While my wife and I were out shopping for some groceries last month, a teenager backed into us with his parents’ SUV. The collision punctured my radiator and caused us to call a tow truck and a cab. I don't think that the kid was doing over 10 MPH when he hit us and although I concede that he was driving a huge SUV, the idea that our little sedan couldn't hold up to a little fender bender like that got me to thinking about my dad and his 1950 Studebaker Commander.
Dad's Commander was a dark maroon tank with 4 doors and a black interior. It didn't exactly fly off the line but once that baby got moving, it was hard to stop it. I loved the suicide doors in the back and its big chrome bumper on the front--otherwise, the car was just a beast with whitewalls.
My father worked second shift at one of the steel mills that used to operate in our area and the Commander was his “daily driver.” Like I said before, it was nothing fancy, but it always got Dad to and from work. Well, one night as he was driving home at speeds well above the posted limit, Dad hit a deer head-on with his beloved Commander.
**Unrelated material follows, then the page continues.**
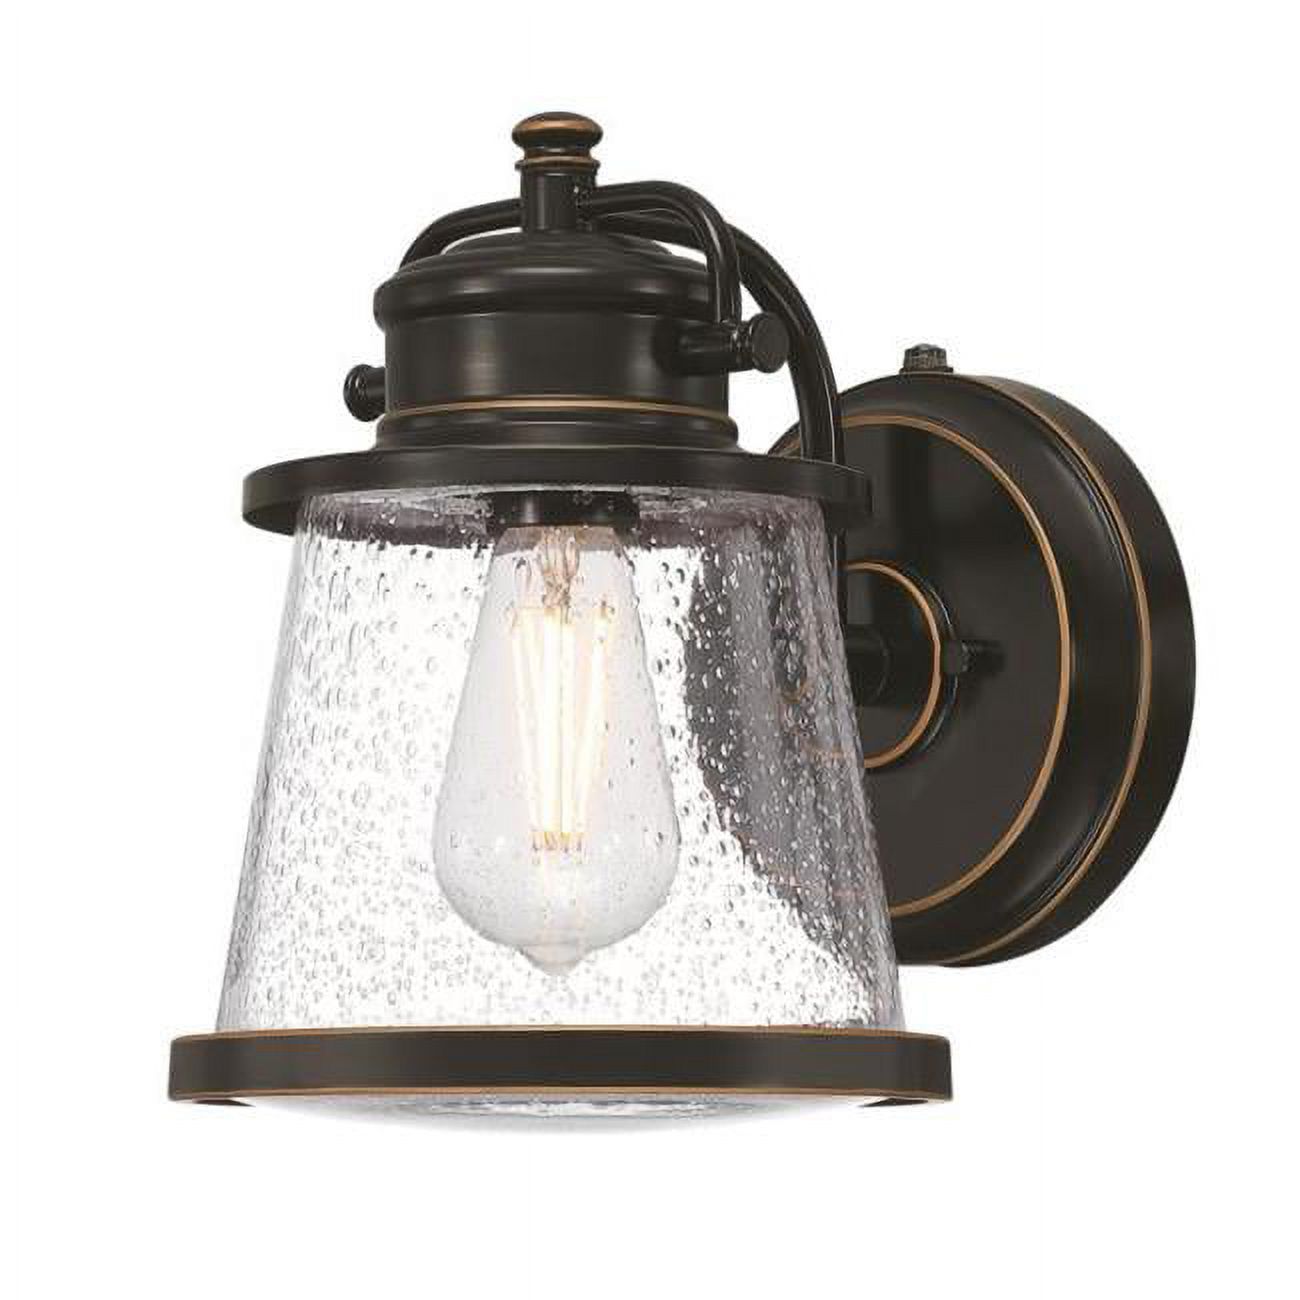 Westinghouse Westinghouse Lighting 6121500 Emma Jane Vintage-Style One Light Outdoor Wall Fixture with Dusk to Dawn Sensor, Amber Bronze Finish, Clear Seeded Glass - image 1 of 5

Now Studebaker made some really classy and elegant vehicles like their Silver Hawk. But the Commander was their workhorse and roughly the equivalent of a Chevy Cavalier or Malibu today. But those modern equivalents just ain’t built the way that Commander was.
I could not tell you the size of the deer that he hit nor how fast he was going, but I can tell you that the Commander's hood was smashed clear up to the windshield. The silver arrow point between the headlights that was Studebaker’s trademark was splattered with blood and the windshield was smashed. That deer was either 500 pounds or Dad was doin' close to 100 when they hit--either way, the Commander was totaled.
But you know what amazes me about that old Studebaker? It got Dad home! It weren't purty or fancy, but that Commander was reliable and built tough enough to protect both Dad and his radiator.
These cars today--are they built for anything other than the junkyard in 10 years?